However, sometimes a subclass can redefine a static method of the superclass. Some of us might have seen this situation before. This is not an override but is called Method Hiding.

If we summarize the process of overriding;

After the override process, the method signature remains the same (method name and parameters must stay the same), only the functionality of the method changes.
The return type of the overridden method should not change or it should be a co-variant return type.
The access modifier of the overridden method should be the same or less restrictive than the original method.
private, static, final methods cannot be overridden.

Now that we have gained a general understanding and logic about overriding, let's take a look at the concept of overloading.

Method Overloading

Method Overloading is the redefinition of a method with the same name but different parameters. This means that the parameter section of the method signature is changed. This allows for the creation of different methods that perform the same task but with different parameter types, which can be called independently.

Let's try to clarify the situation with some short code examples,

public class Calculator {

    public int summation(int num1, int num2) {
        return num1 + num2;
    }

    public int summation(int num1, int num2, int num3) {
        return num1 + num2 + num3;
    }

    public static void main(String[] args) {
        Calculator calc = new Calculator();
        int result1 = calc.summation(2, 3);
        int result2 = calc.summation(2, 3, 4);

        System.out.println("Summation of 2 and 3: " + result1);
        System.out.println("Summation of 2, 3 and 4:  " + result2);
    }
}

In the example above, we defined two different methods with the name summation() inside the Calculator class, where the first method takes two integer parameters, and the second method takes three integer parameters.
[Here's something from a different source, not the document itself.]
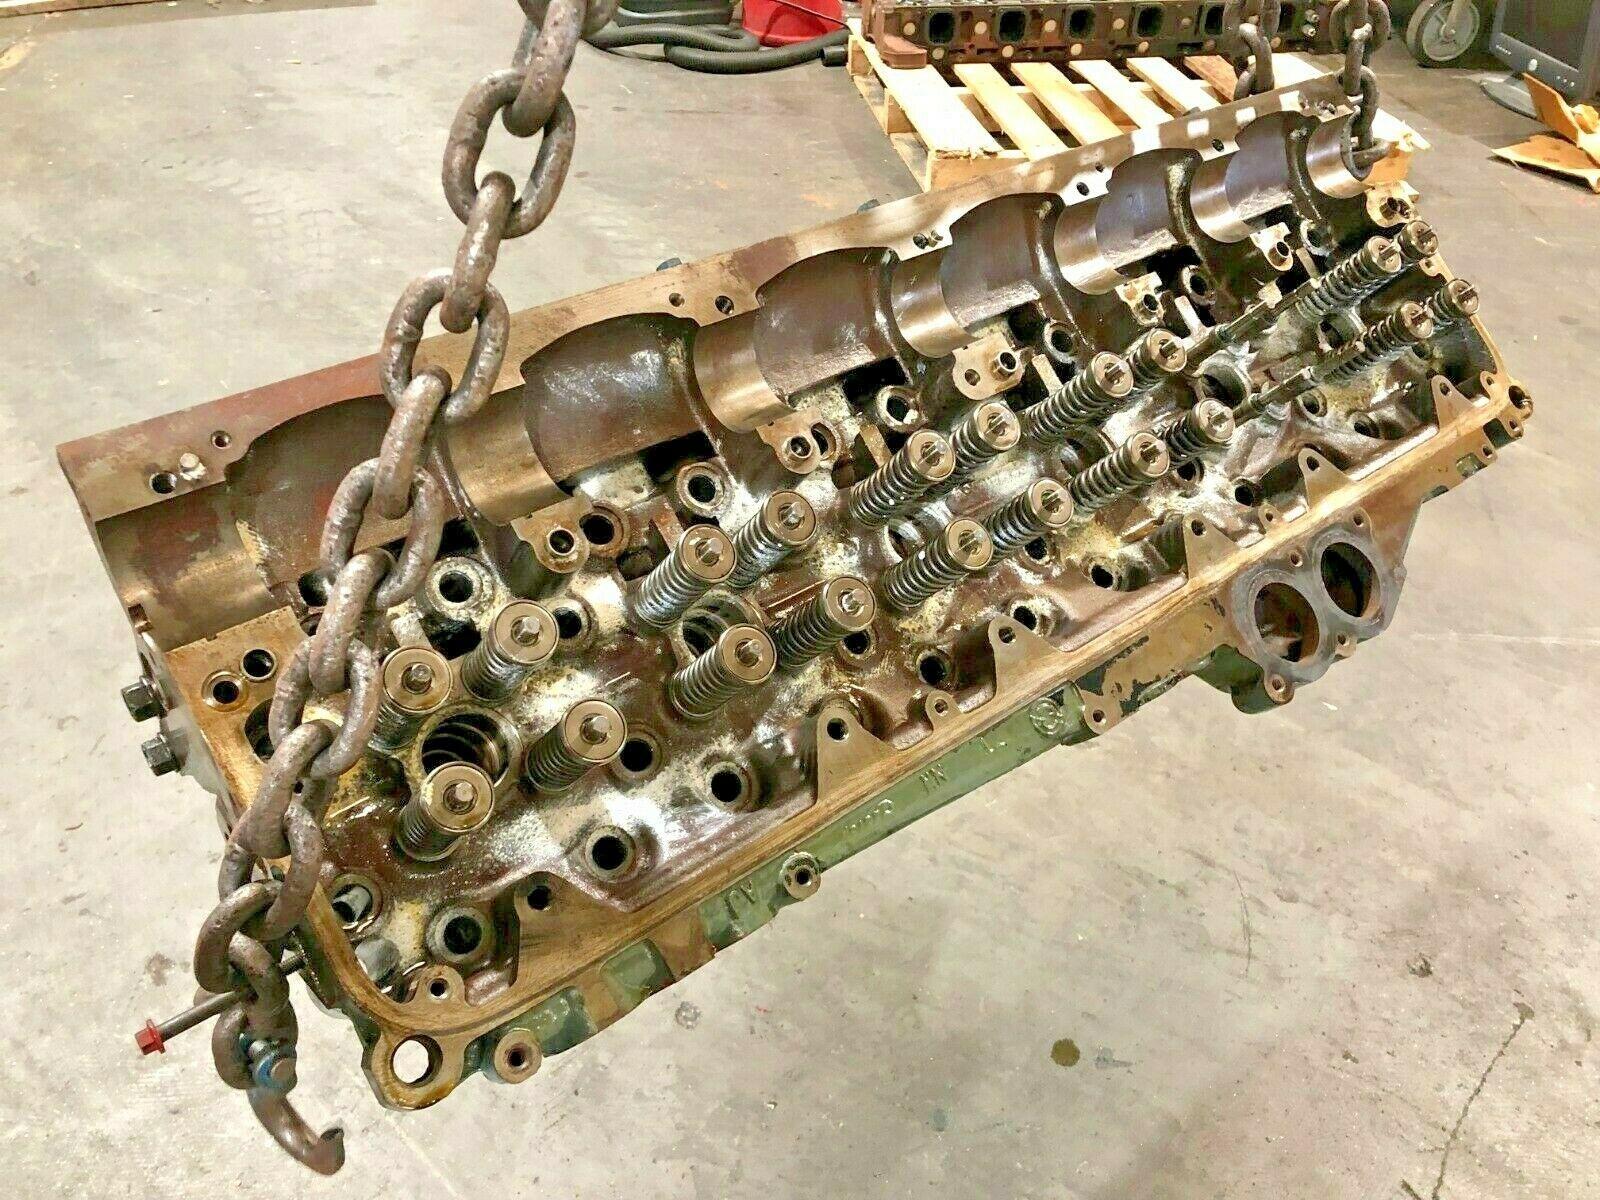 Detroit Series 60 14.0 Liter Diesel Engine Cylinder Head As Is OEM

In the main method, we call both methods with different parameters and print the result to the screen.

Let's take a look at another example to reinforce our understanding.

public class HelloWorld {

    public void greet() {
        System.out.println("Hello, world!");
    }

    public void greet(String name) {
        System.out.println("Hello, " + name + "!");
    }

    public static void main(String[] args) {
        HelloWorld helloWorld = new HelloWorld();
        helloWorld.greet();
        helloWorld.greet("John");
    }
}

In the example above, the HelloWorld class defines two different methods named greet().

The first method is a simple greeting method that takes no parameters and prints the message "Hello, world!". The second method takes a parameter of type String and uses it to create a customized greeting message. Both methods are called in the main method and their results are printed to the console.
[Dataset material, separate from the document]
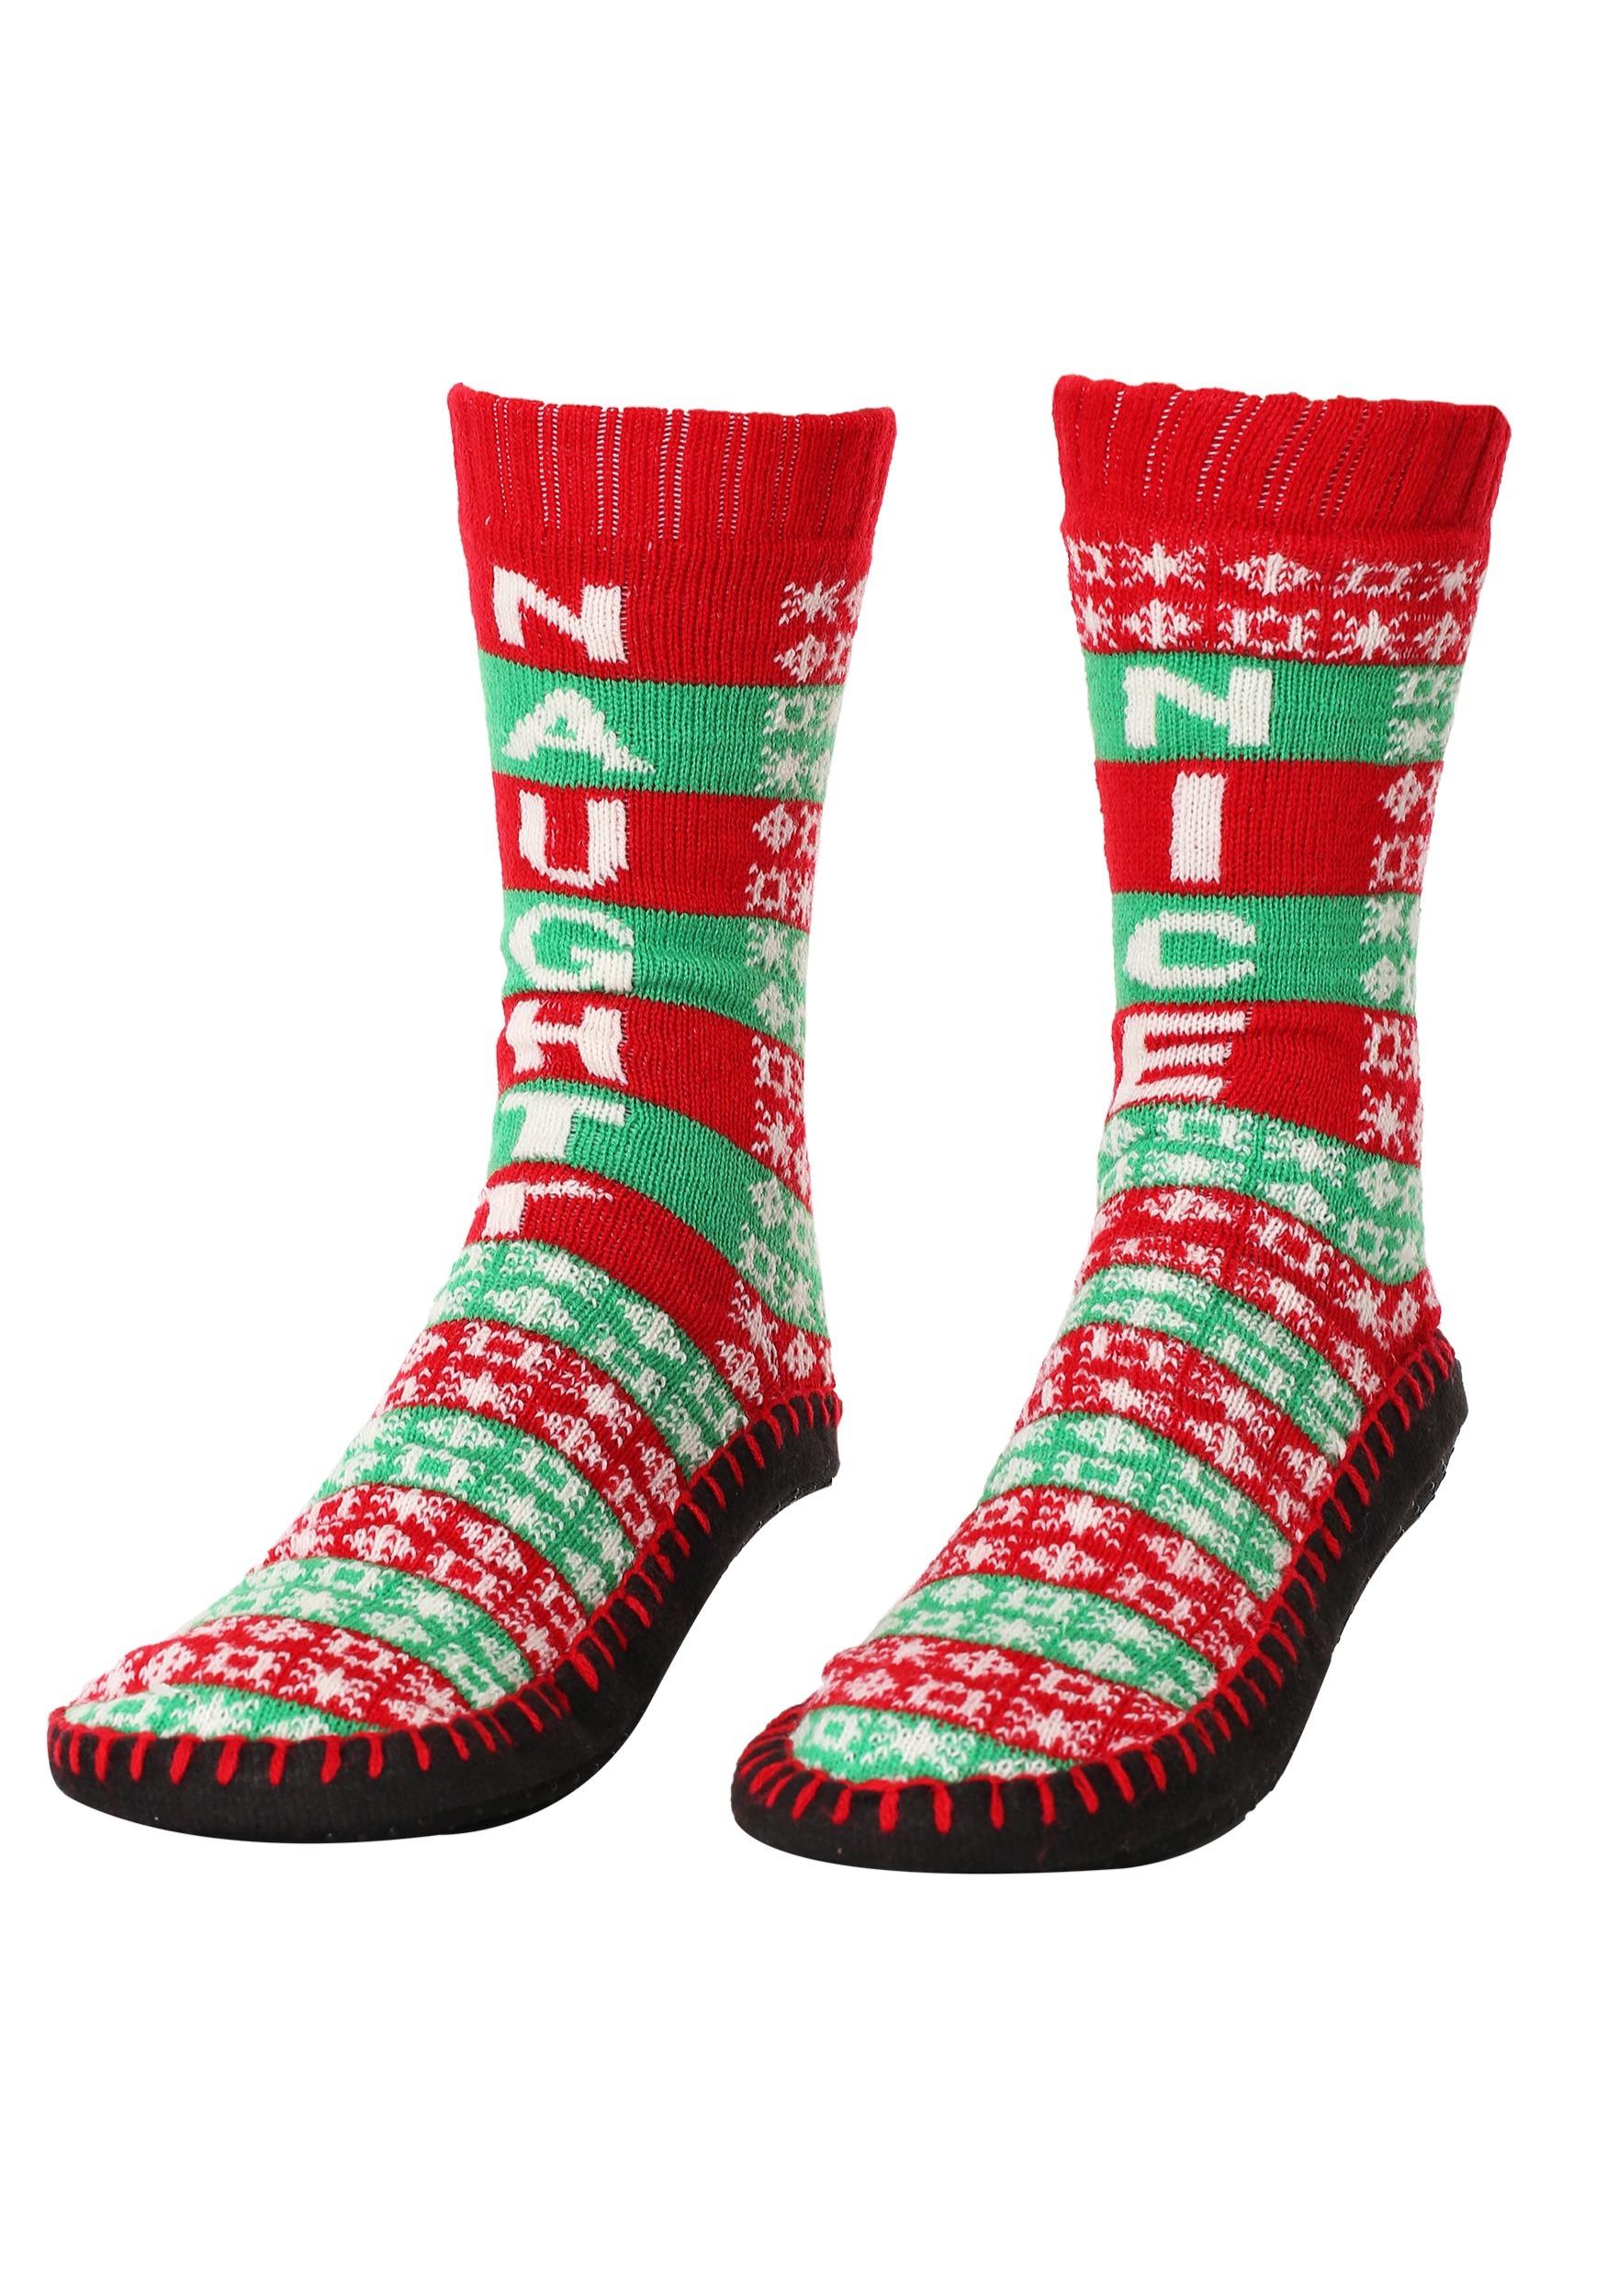 Women's Naughty or Nice Knit Christmas Slipper Socks

Okey, now that we have gone through the examples, I think we have some understanding about method overloading. Let's delve into some details about overloading using the same questions we used for understanding override.

Then our first question is as follows🎇

"When overriding a method, we had to carefully choose the Access Modifier. That is, we had to either use the same Access Modifier as the previous method or a less restrictive one. Is this also true for Overloading?"

Our answer should be no 🙂

The logic here is different from overriding. Access modifier selection was important for overriding because inheritance played a leading role. However, in overloading, we have no constraints and we are completely free to choose any modifier we want.

As in the example below,

public int sum(int a, int b, int c) {
        return a + b + c;
    }

protected void sum() {
        System.out.print("Nothing to sum");
    }

And for our another question,

"The return types of the methods we override must be the same or a co-variant type. How does this work in Overloading?"
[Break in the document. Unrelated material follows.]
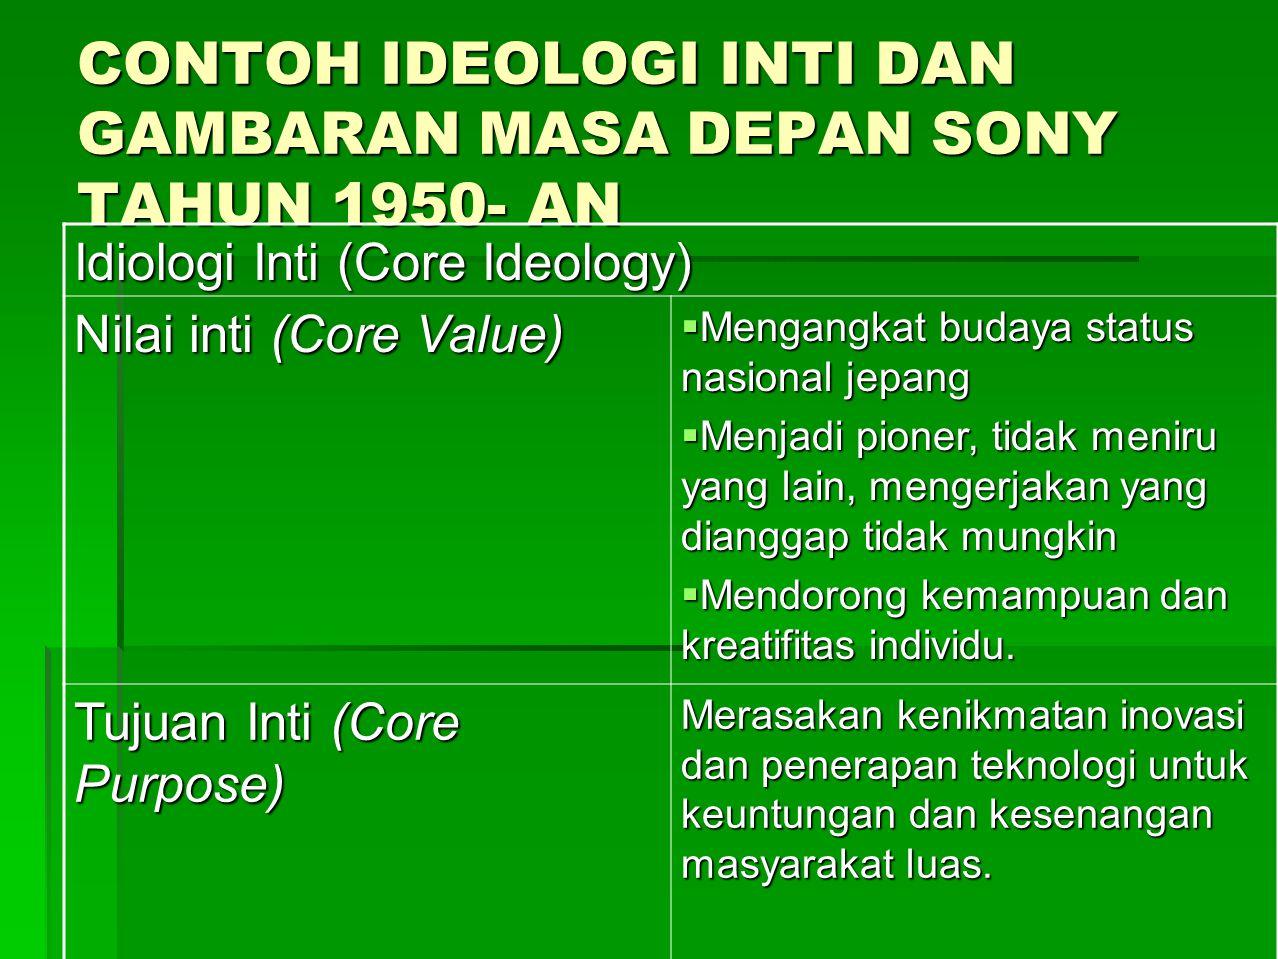 CONTOH IDEOLOGI INTI DAN GAMBARAN MASA DEPAN SONY TAHUN 1950- AN

Actually, we have already demonstrated this situation in the example we provided earlier. The return type is not important in Overloading. It can be the same or different.

"Can I overload every method?"

The answer to this question should be yes 🙂 There is no problem with overloading a method that is private, static, or final.

Let's reinforce this situation with the example below.

public class Example {
    public static void doSomething(int x) {
        System.out.println("doSomething with int: " + x);
    }

    public static void doSomething(double x) {
        System.out.println("doSomething with double: " + x);
    }

    public final void doSomething(String x) {
        System.out.println("doSomething with String: " + x);
    }
}

If we summarize the overloading process in short points;

After the overloading process, the method signature changes (method name remains the same, method parameters change).
The return type of the overloaded method can remain the same or be different.
The access modifier of the overloaded method can remain the same or be different.
private, static, final methods can also be overloaded, there is no restriction.

If we've made it this far understanding, I believe we have an idea about the concepts of Overloading and Overriding. This has been a compilation of what I've learned and researched about Override and Overload. Thank you for taking the time to read this far.

Happy Coding! 🤞🏼

Mutable and Immutable in Java

Barış Ayten — Mon, 03 Apr 2023 11:25:26 +0000

Hello Folks 🖖🏼,

The topic of this article will be about the concept of Mutablity and Immutablity in Java. I will try to answer questions such as "What does Mutable & Immutable mean?", "What is the logic behind this functionality?", "How are Mutable or Immutable classes created?", "What are the advantages and disadvantages?".

Let's dive right in and explore these fascinating concepts together. 🚀

1. Mutable Classes

Mutable objects are objects that can be modified after they are initialized. In some cases, these types of classes can be preferred over immutable classes due to their flexibility and mutable fields.

Examples of these classes include StringBuffer, StringBuilder, and the Date class found in the Java util package. To further clarify what I mean, let me provide a short code example.

// Initialize variable called myString
StringBuilder myString = new StringBuilder("Hello");

//and manipulate it
myString.append(" Word");

System.out.println(myString); // Hello World

In fact, those who are not familiar with the topic may be a little surprised. They might say, 'I can already do this in any variable I want, can't I?' Our friends will be able to grasp the underlying logic more clearly when we delve into the details of the topic and the immutable part 🙂

When a change is made in mutable classes, the change is made on the same field without creating a new space in memory (the situation is the opposite in immutables 🙂). In fact, the logic behind mutable classes is that they have a set() method that we call a setter.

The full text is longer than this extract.